Pre-Tax Restructuring Charges of $600 Million - $700 Million Anticipated

Changes Adjusted Earnings Guidance for 2007 from $4.28 to a Range of $4.13 - $4.23 Per Share

THOUSAND OAKS, Calif.--(BUSINESS WIRE)--Aug. 15, 2007--Amgen (NASDAQ: AMGN) today announced initiatives that will reduce company staff by 12-14 percent and deliver other operational efficiencies while ensuring continued investment at industry-leading levels in research and development.
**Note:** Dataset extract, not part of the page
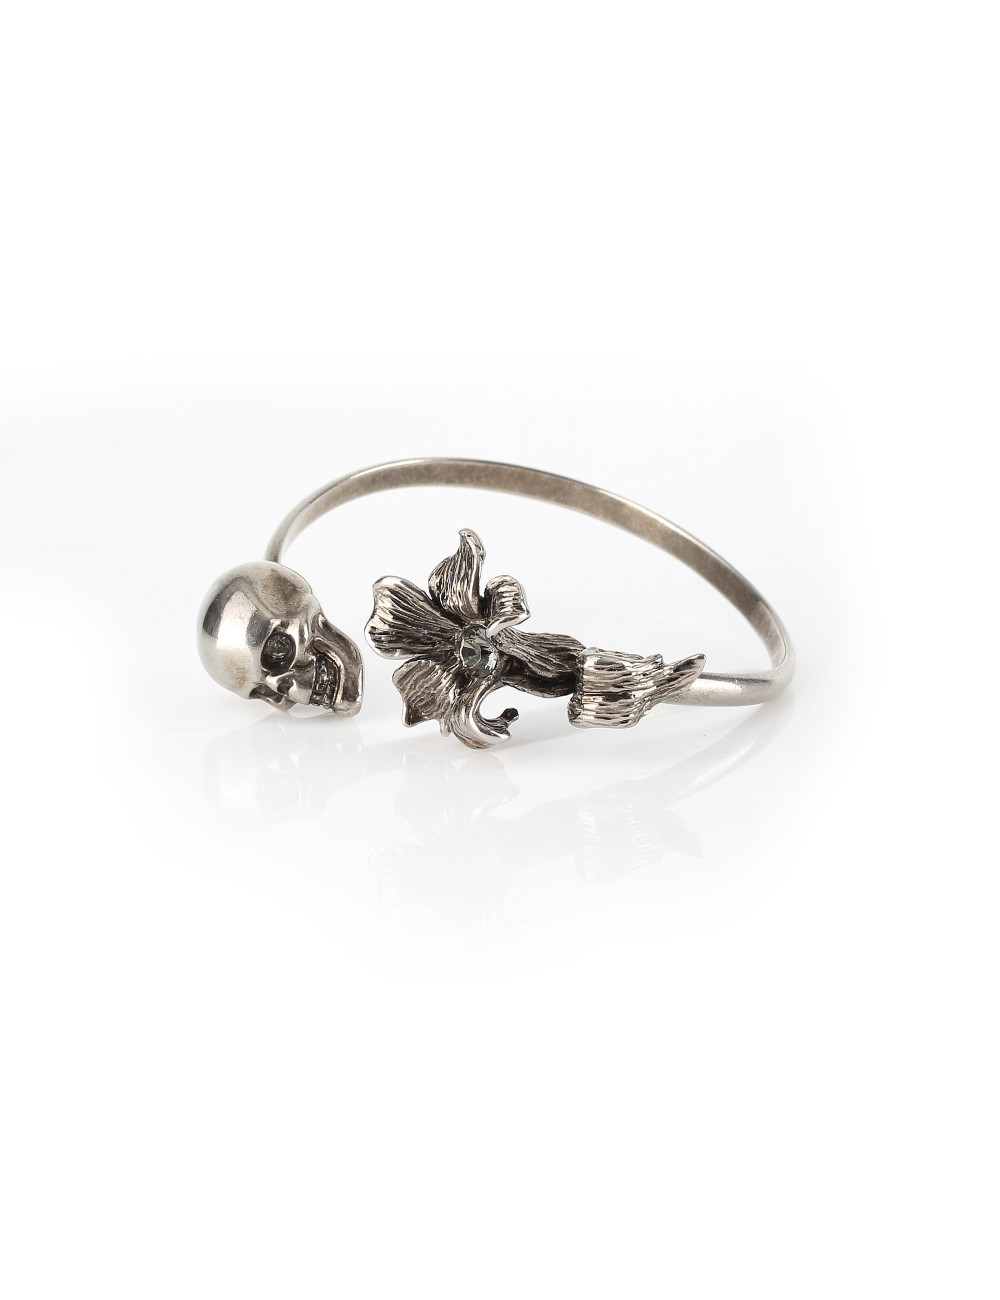 Clear Swarovski Crystal 'Double Skull' Flex Bangle Bracelet In Gold Plating  - Adjustable - avalaya.com

These initiatives will be substantially completed by 2008 and yield pre-tax savings from prior plan of between $1.0 billion - $1.3 billion in 2008. Cumulative pre-tax restructuring charges associated with these changes are expected to be $600 million - $700 million in 2007 and 2008, which includes $289 million for asset impairment and related costs reported in the second quarter. The company also announced that adjusted earnings per share guidance for 2007 has been changed from $4.28 to a range of $4.13 - $4.23, excluding restructuring charges, due to lower Aranesp(R) revenues. Adjusted earnings per share (EPS) guidance excludes restructuring charges, stock option expense, certain expenses related to acquisitions and certain other items. These expenses and other items are itemized on the reconciliation table below.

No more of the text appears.